Выбрать главу

— Да, да! — повторял он в забытьи. — Граф тоже сказал…

Новиков замер спохватившись. Небесный голос затих, все стало реальным и близким. Николай Иванович взглянул со страхом на генерального визитатора. Перед ним сидел лысый старик и недовольно качал головой.

— Вот видишь, к каким предрассудкам привык человек, как трудно познать себя и исправиться.

Новиков молчал подавленный. Старик встал с кресла, подошел к Новикову и положил ему руку на плечо.

— Ты должен принять присягу, пройти обряд таинства. Тогда ты приобщишься к братству.

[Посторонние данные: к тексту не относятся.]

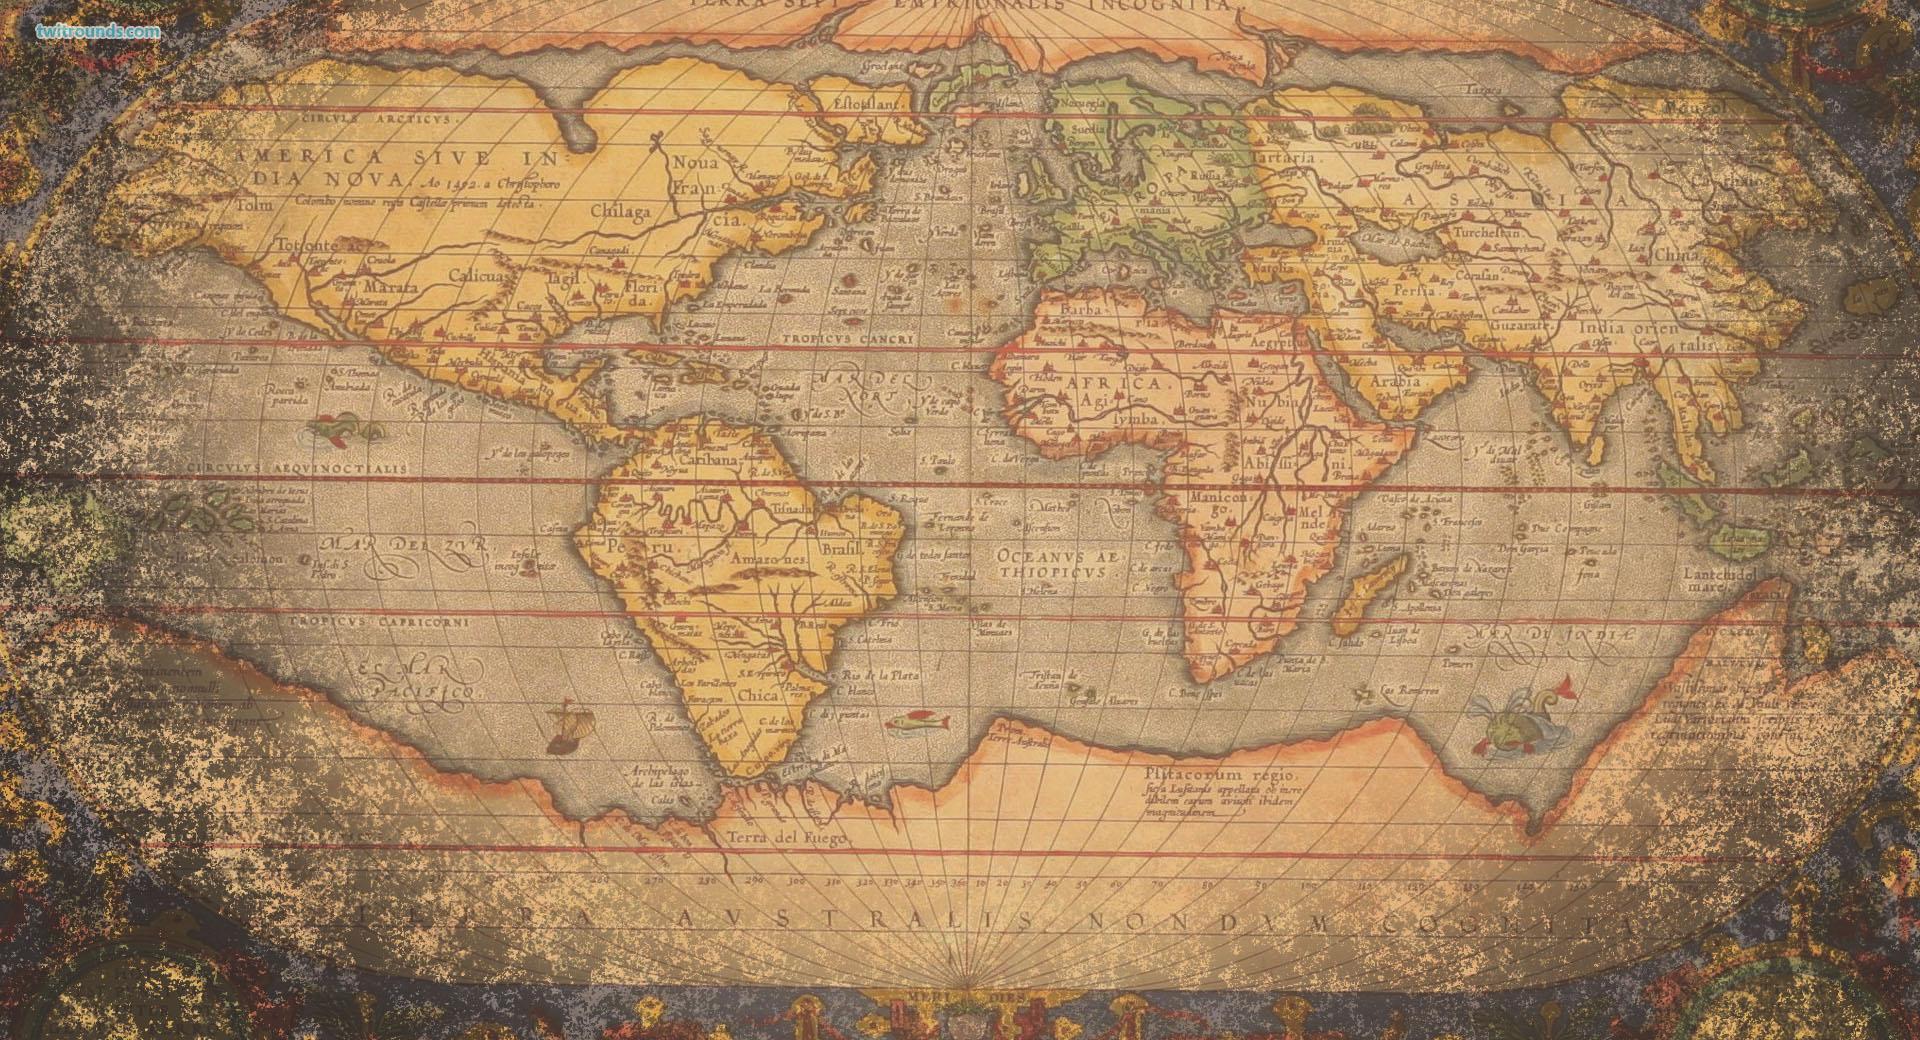 Resultados da Pesquisa de imagens do Google para http://static.tumblr.com/edu03cx/WEglm6hiz/vintage_map.jpg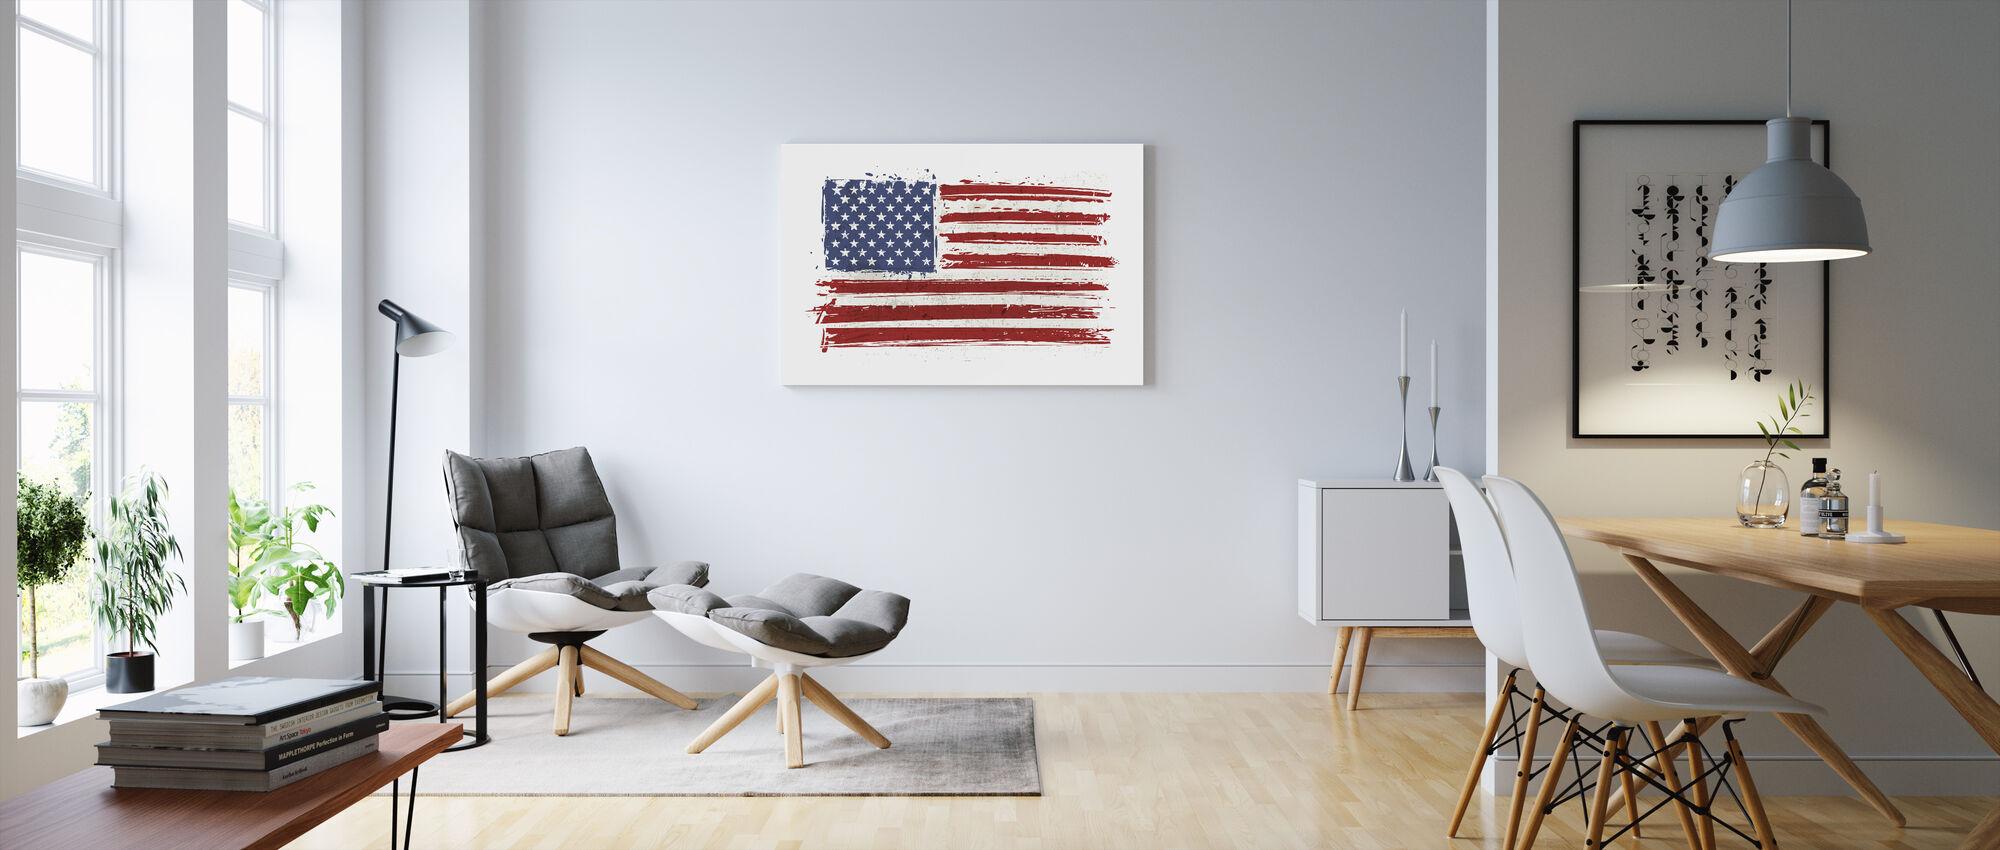 Flag USA - Canvas print - Living Room

Новиков вслушивался в речь генерального визитатора, и взгляд его мешал понять смысл слов. Потом он понял и слегка отодвинулся.

— Нет!

— Как нет? — недоуменно переспросил старик. — Ты не хочешь быть с нами?

— Я буду с вами. Но не надо слов, не надо клятв…

— Не понимаю, — обидчиво сказал старик и, поджав губы, побрел к своему месту.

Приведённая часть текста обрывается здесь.